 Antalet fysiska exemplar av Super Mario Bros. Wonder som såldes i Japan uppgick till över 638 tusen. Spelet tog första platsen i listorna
━━━━
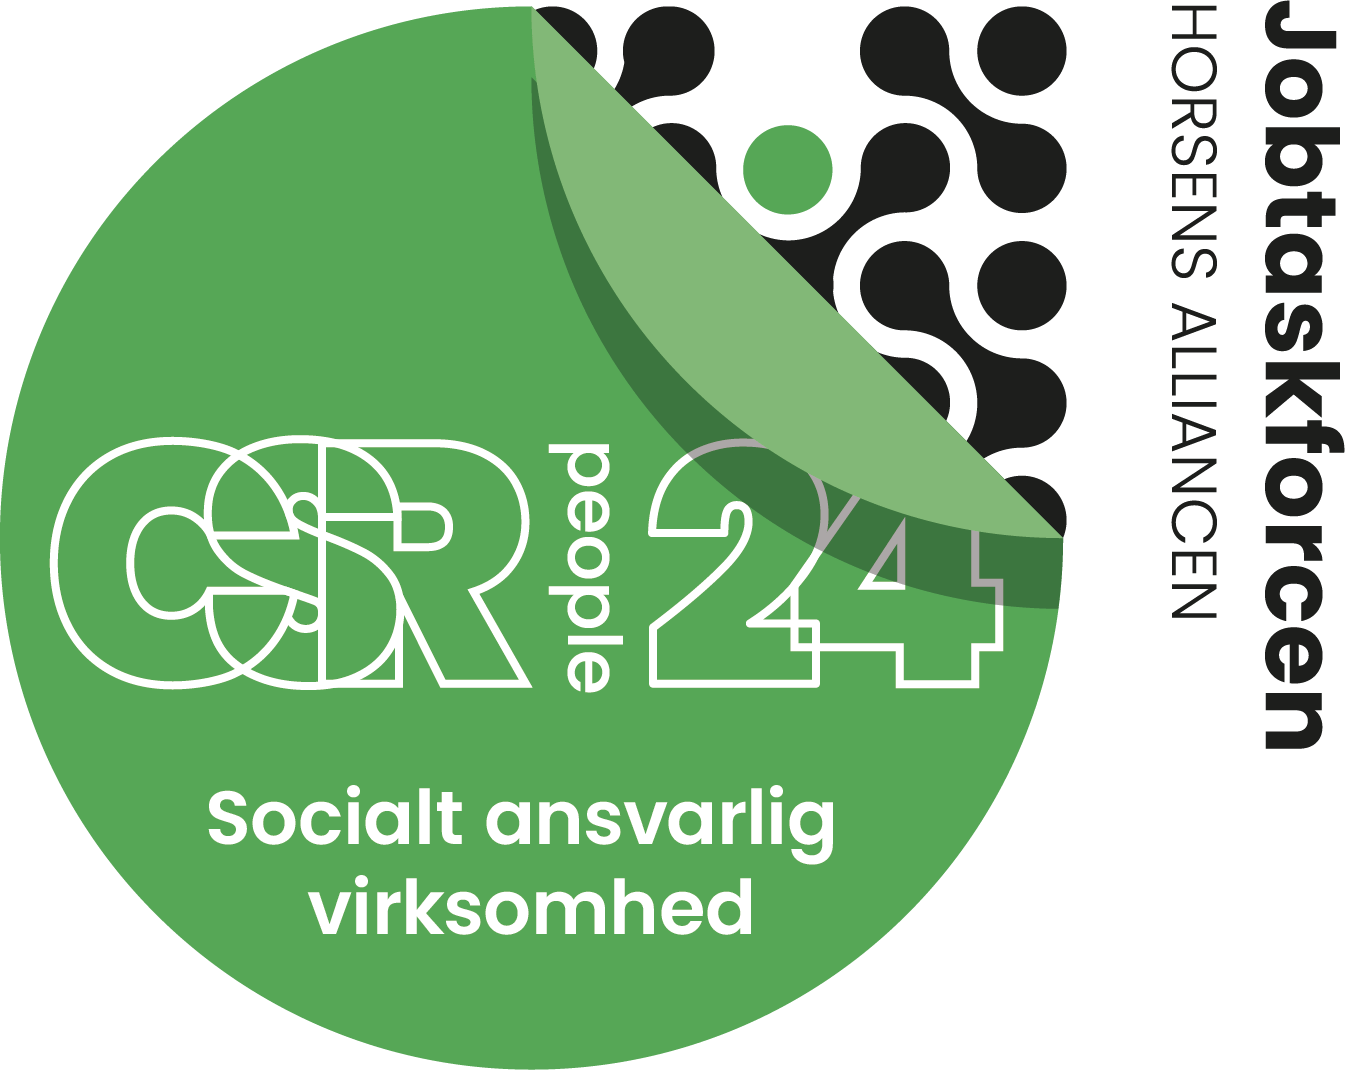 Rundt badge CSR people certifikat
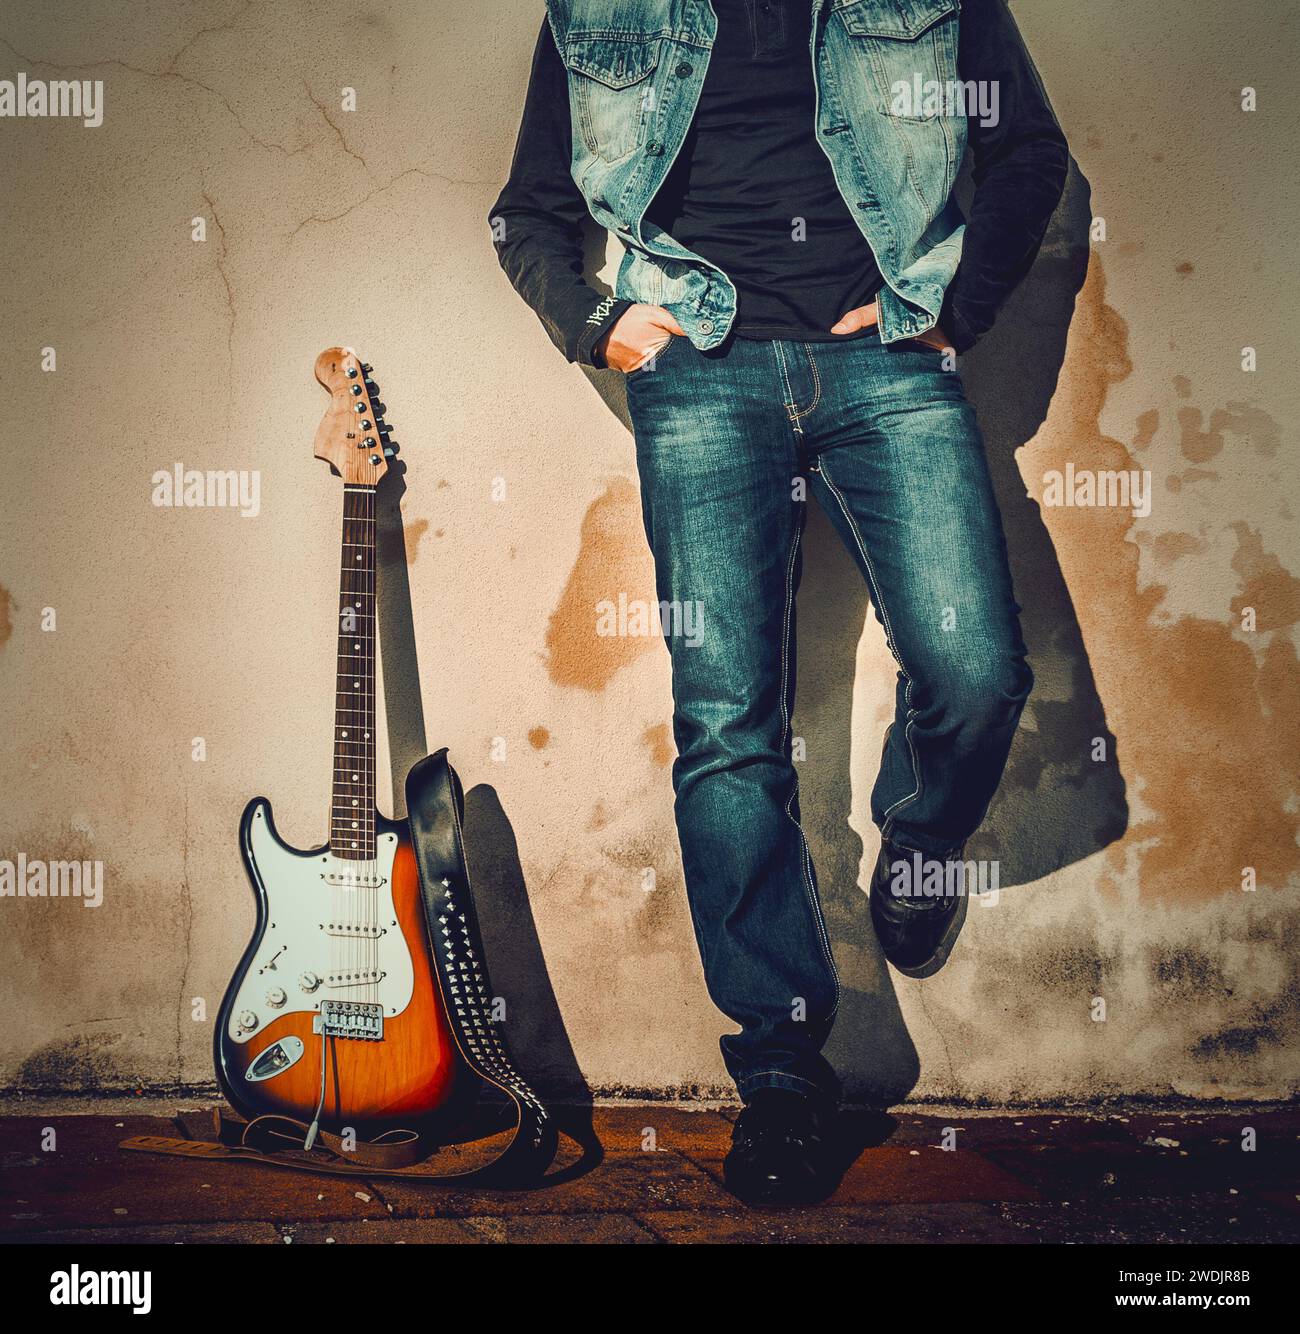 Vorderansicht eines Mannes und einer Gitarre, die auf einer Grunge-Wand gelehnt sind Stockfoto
━━━━
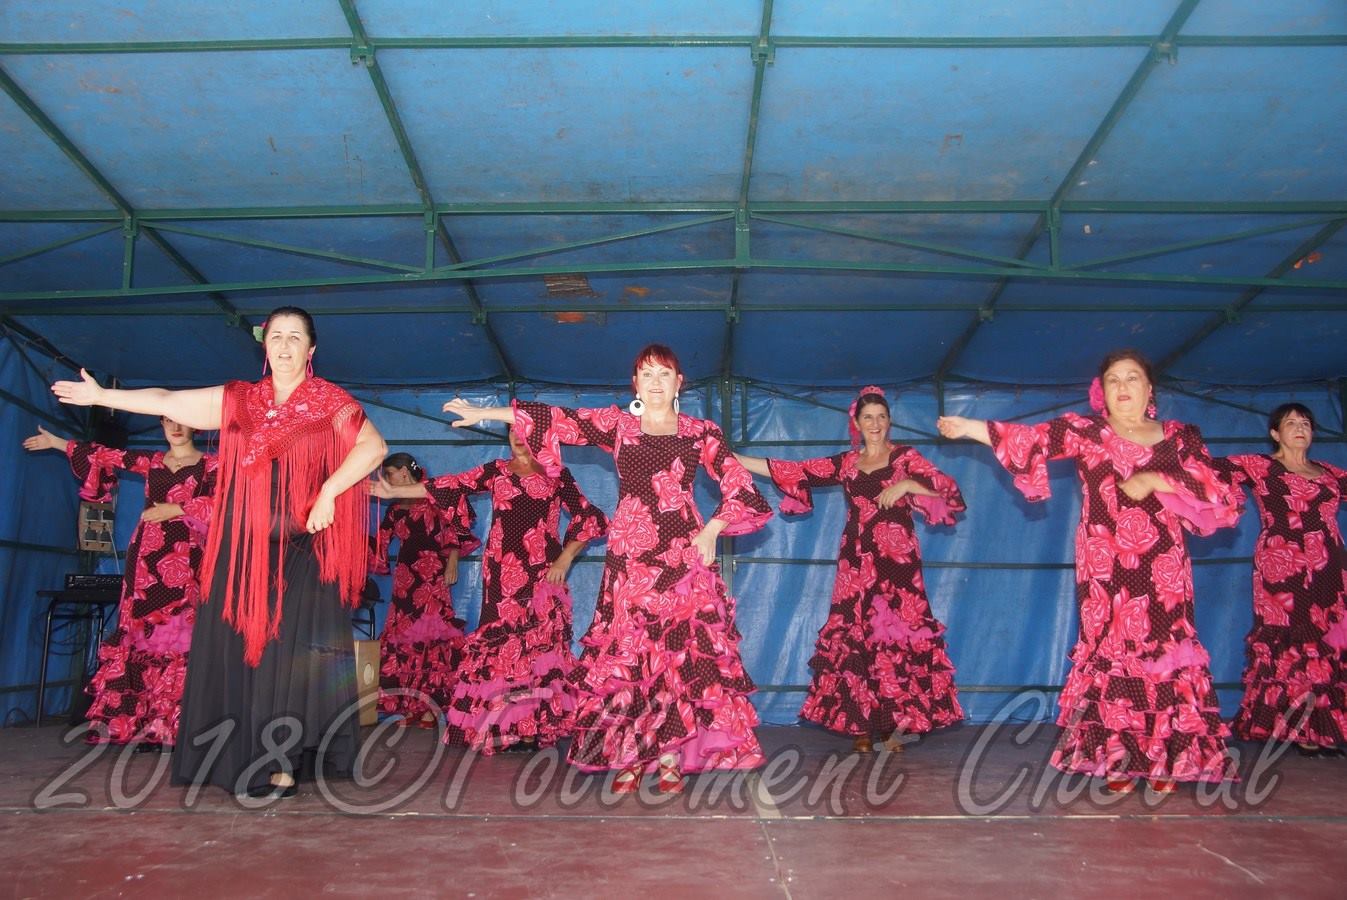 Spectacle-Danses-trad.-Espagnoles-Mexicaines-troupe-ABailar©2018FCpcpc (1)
━━━━
> WORK ITEM
Copy out exactly the lines above beginning with the line that contains "Rundt badge CSR people certifikat" and finishing with the line that contains "Vorderansicht eines Mannes", including both; leave the pictures out.

> WRITTEN RESPONSE
 Rundt badge CSR people certifikat
 Vorderansicht eines Mannes und einer Gitarre, die auf einer Grunge-Wand gelehnt sind Stockfoto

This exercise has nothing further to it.